ゴグル「ねぇ、もうそろそろ、どこに向かっているのかくらい教えてくれてもいいんじゃない」
二人が駅を出てから、歩き始めて10分くらいたつ。前を歩く女の子はゴグルが繰り返し背中から声をかけてきても、ほんのり振り返るだけで、答えない。しかも、先日、駅前に開店したばかりのパン屋の『厚熱サンド』をひとりだけで食べている。
「もう、分かりました。黙ってついていきます」
季節は本格的な冬に差し掛かり始めた。時折つよく吹く風の一振り一振りが首筋から体を冷やし、ポケットに突っ込んだ手に思わず力が入る。

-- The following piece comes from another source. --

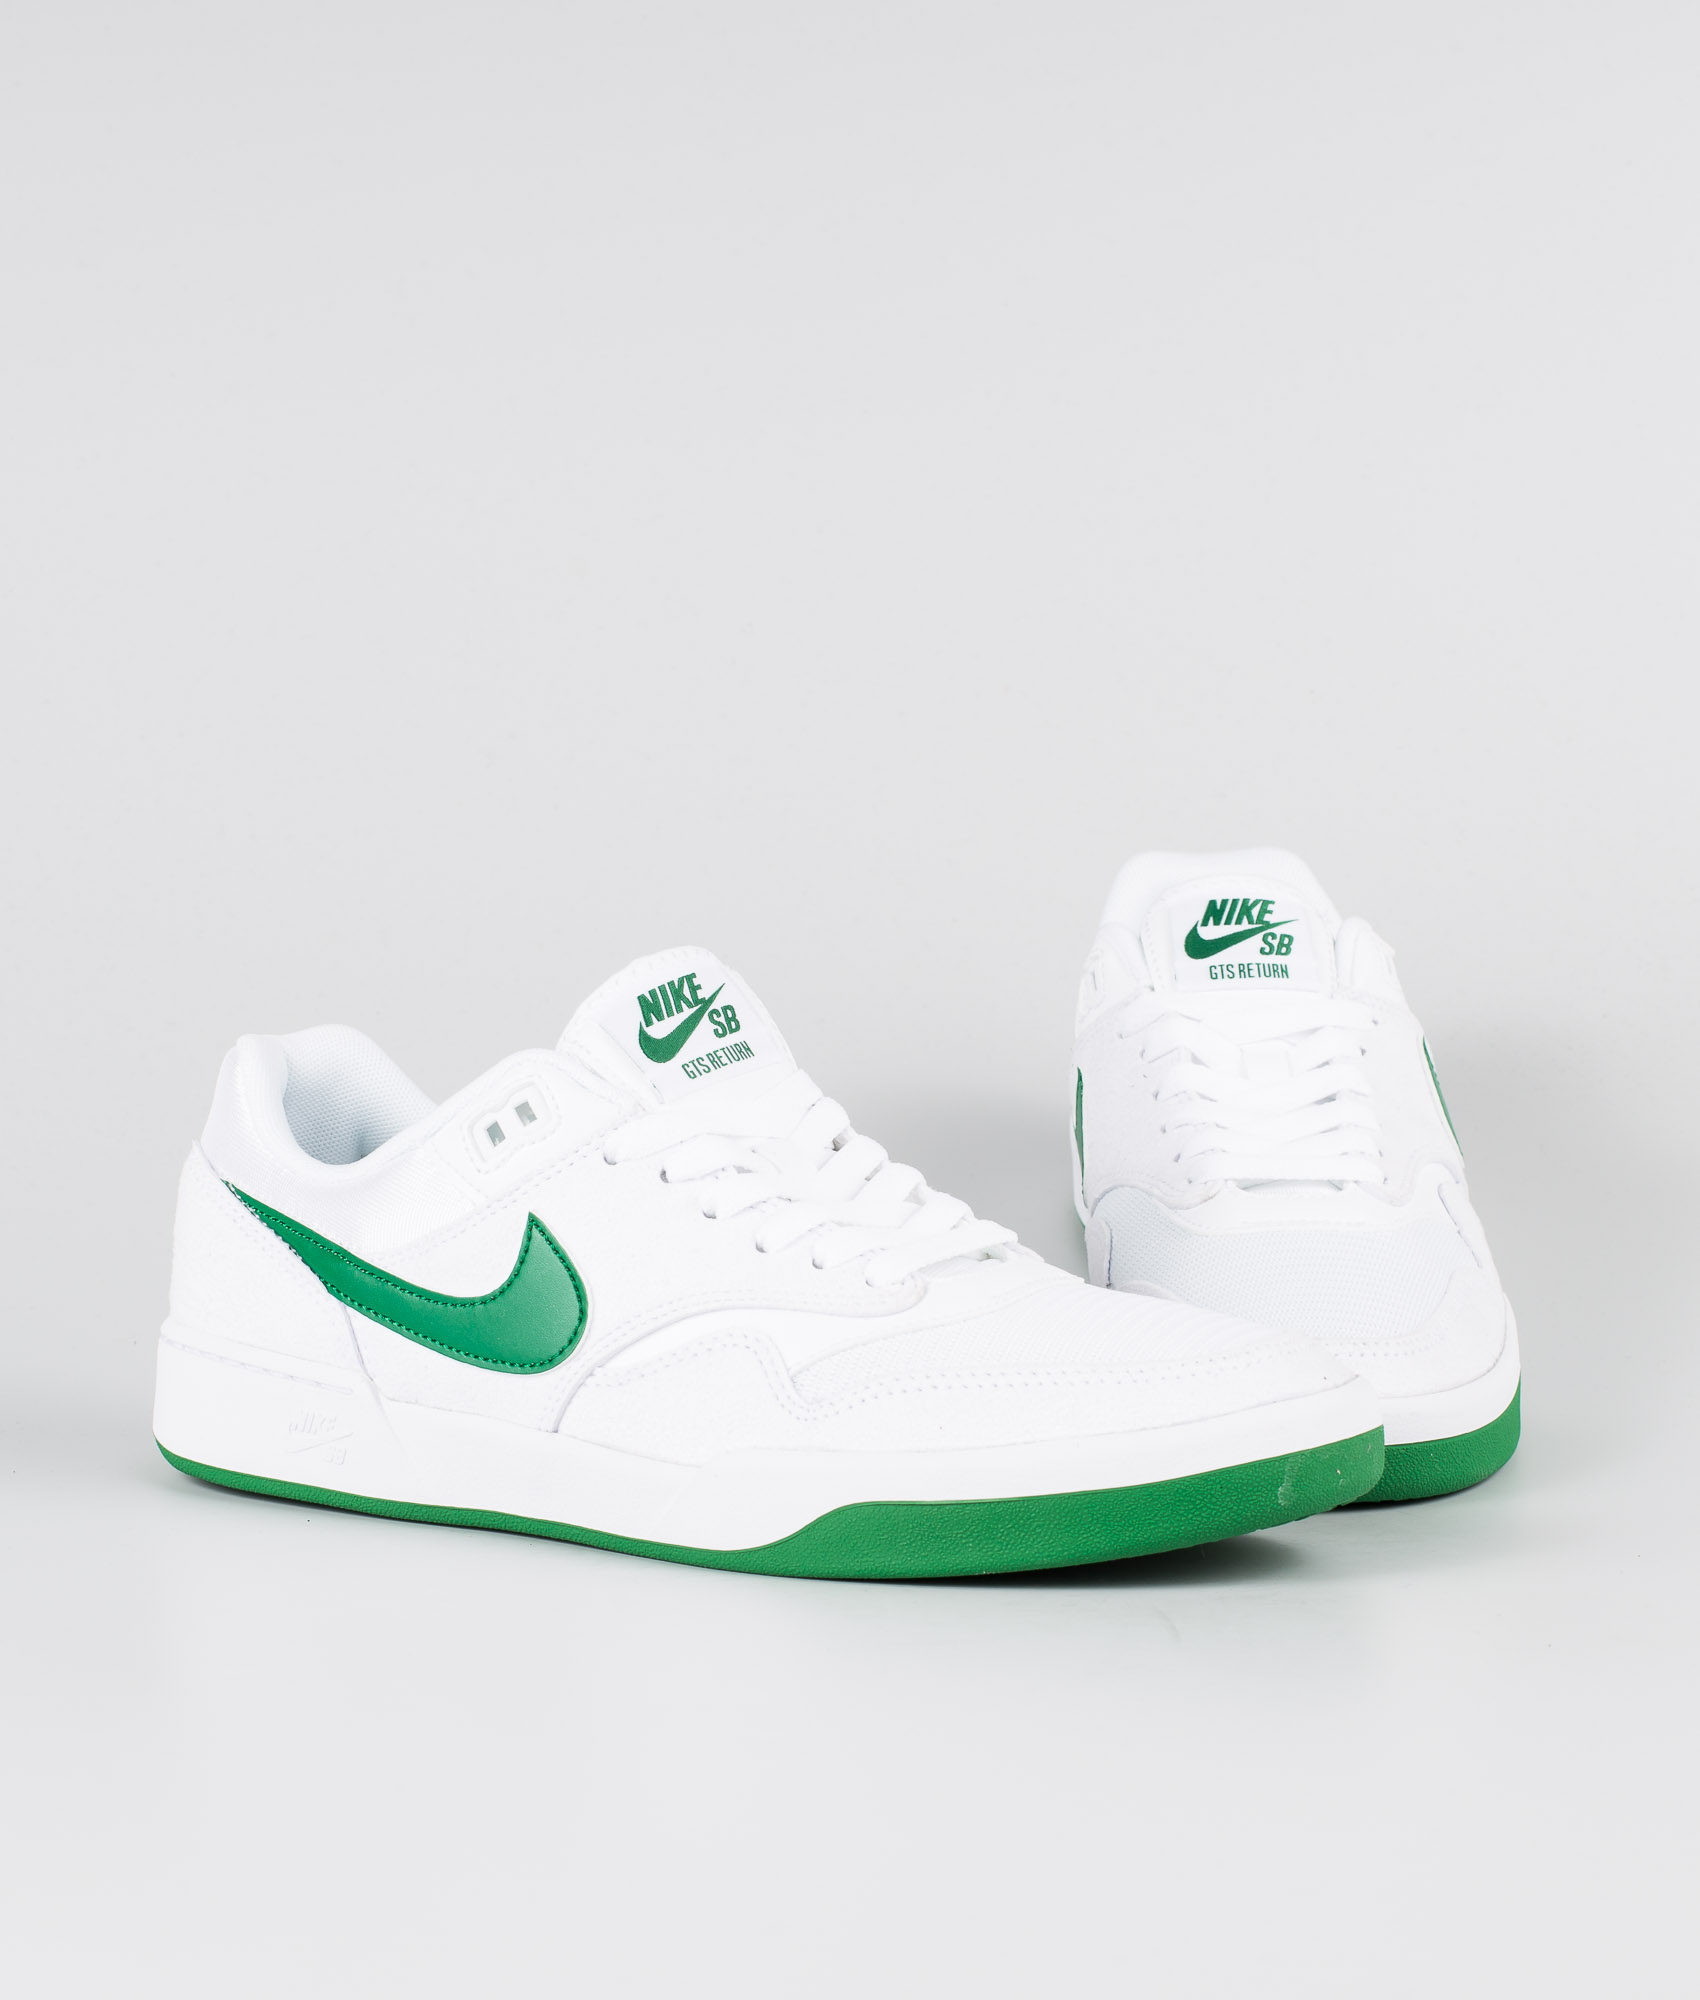 nike shoes white green

「今日の雪は朝になったら積もっていそうだね。列車が止まることはないだろうけど。このまえ校庭でカマキリの卵を見つけてね、太ももの真ん中くらいの高さにあったから去年よりは積もる日があるかもよ」少年は少女の返事を期待せずに、それでいて聞こえるようにつぶやいた。
金曜日の学校帰り、二人の家は近所で帰り道はよく一緒になる。教室から出ようとしたところで彼女から声をかけられ、着いてきてほしいところがあると言われ最寄りの駅を通り過ぎ、商店街前駅で下車した。
夕飯の買い物をするための人々が商店街を往来している。総菜屋の主人が売れ残りにならないように声を張り上げて、魚の揚げ物を売りさばいている。薬屋の店内では、油ストーブの前で一匹の白い猫がまるくなっていた。